This file does not seem to exist.

AREA/CLASS/EXAMPLE AFFECTED:

A simple variation of the echo example, which returns a string sequence that is slightly bigger than 4MB. The server is started with command line parameters -ORBMaxMessageSize 1048576 to cause GIOP fragmentation.

The problem effects:

It affects execution. In this example the client receives incorrect values, in our more complex application the client encounters CORBA::MARSHAL or CORBA::COMM_FAILURE exceptions.

Synopsis

Returning big sequences from operations can cause client exceptions or incorrect values.

Description

Initially seen with a total returned size of approximately 8 MB, and client got CORBA::MARSHAL, The ``-ORBMaxMessageSize" parameter was not used in this case. Using it to force fragmentation causes simple examples to fail.

Repeat by

A complete example program with MPC and make files can be cloned from Github with this command:

git clone https://github.com/NetAcquire/tao_fragmentation_bug.git

Note: Run the included run_tests.pl script to see the failure. This passes -ORBMaxMessageSize 1048576 to the server. Without this parameter the test succeeds.

Sample fix/ workaround

Tried to debug, but got lost in the GIOP parsing code.

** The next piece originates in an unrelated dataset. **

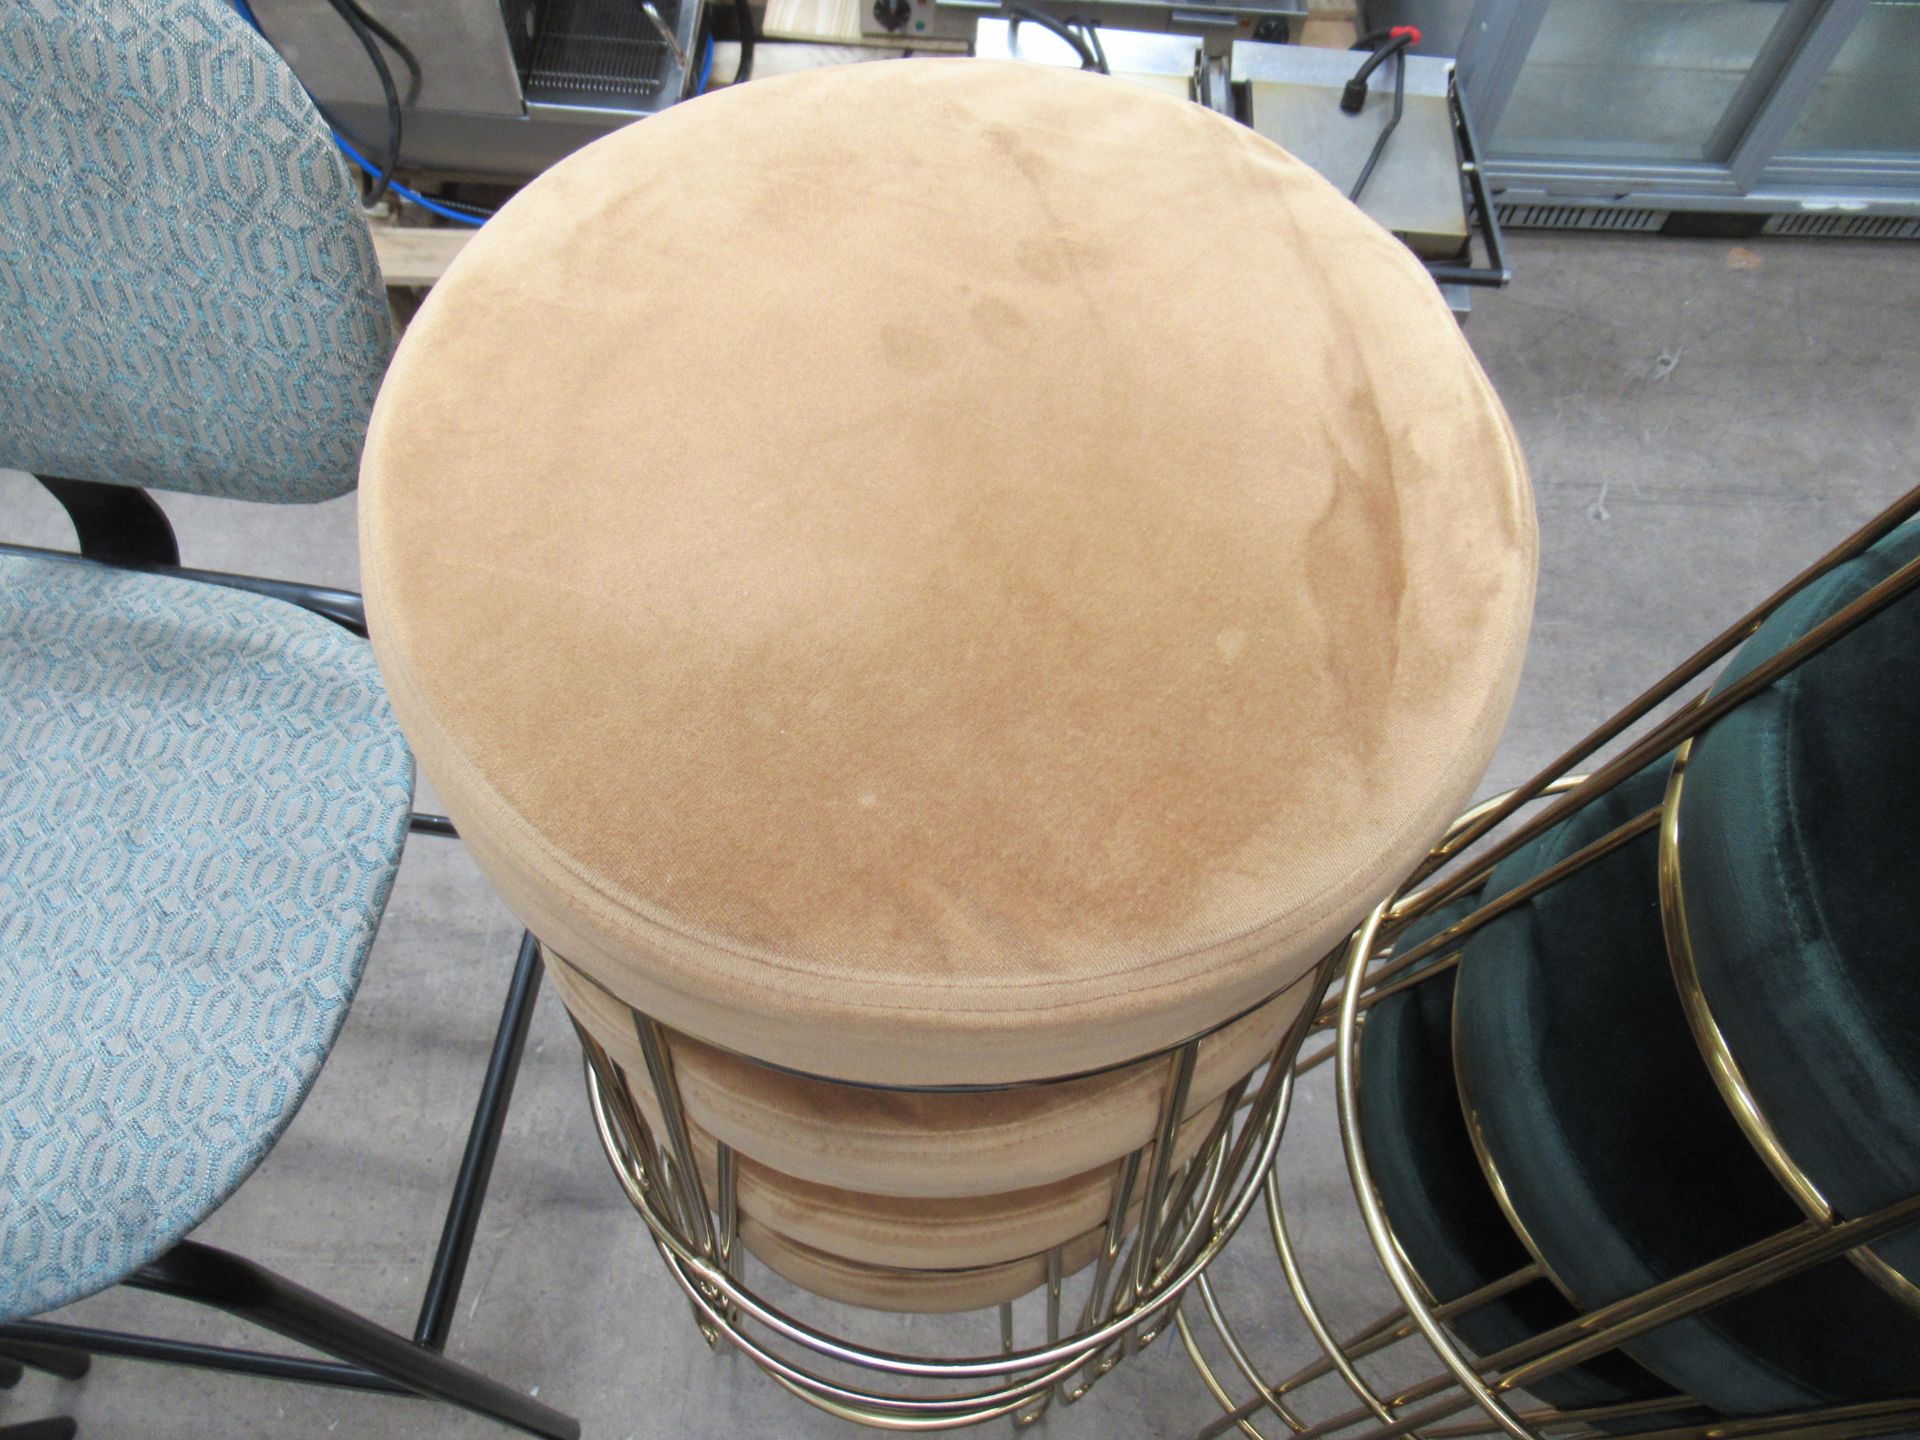 12x Suede Effect Stools - Image 4 of 7

j18ter avatar Aug 18 '20 22:08 j18ter

Thanks for reporting this issue and making a reproducer. Could you attach a client and server logfile with ORB logging 10?

This is very likely a complex issue and it if very unlikely someone has spare time to work on this for free. When you need someone to look at this in detail consider hiring one of the commercial support companies, like Remedy IT for which I work. See https://www.dre.vanderbilt.edu/~schmidt/commercial-support.html for an overview of the companies who provide support

jwillemsen avatar Aug 19 '20 07:08 jwillemsen

Could you make a PR for the new test to place it under https://github.com/DOCGroup/ACE_TAO/tree/master/TAO/tests/GIOP_Fragments? Don't add generated files and generated makefiles

jwillemsen avatar Aug 19 '20 11:08 jwillemsen

Client and server log files are attached. I compressed these because the server log file includes hex dumps of the complete 4 MB reply. At the very end of server_log.txt one can see that the second element of the string sequence with the value "Hello World" ends up in a separate GIOP message/fragment.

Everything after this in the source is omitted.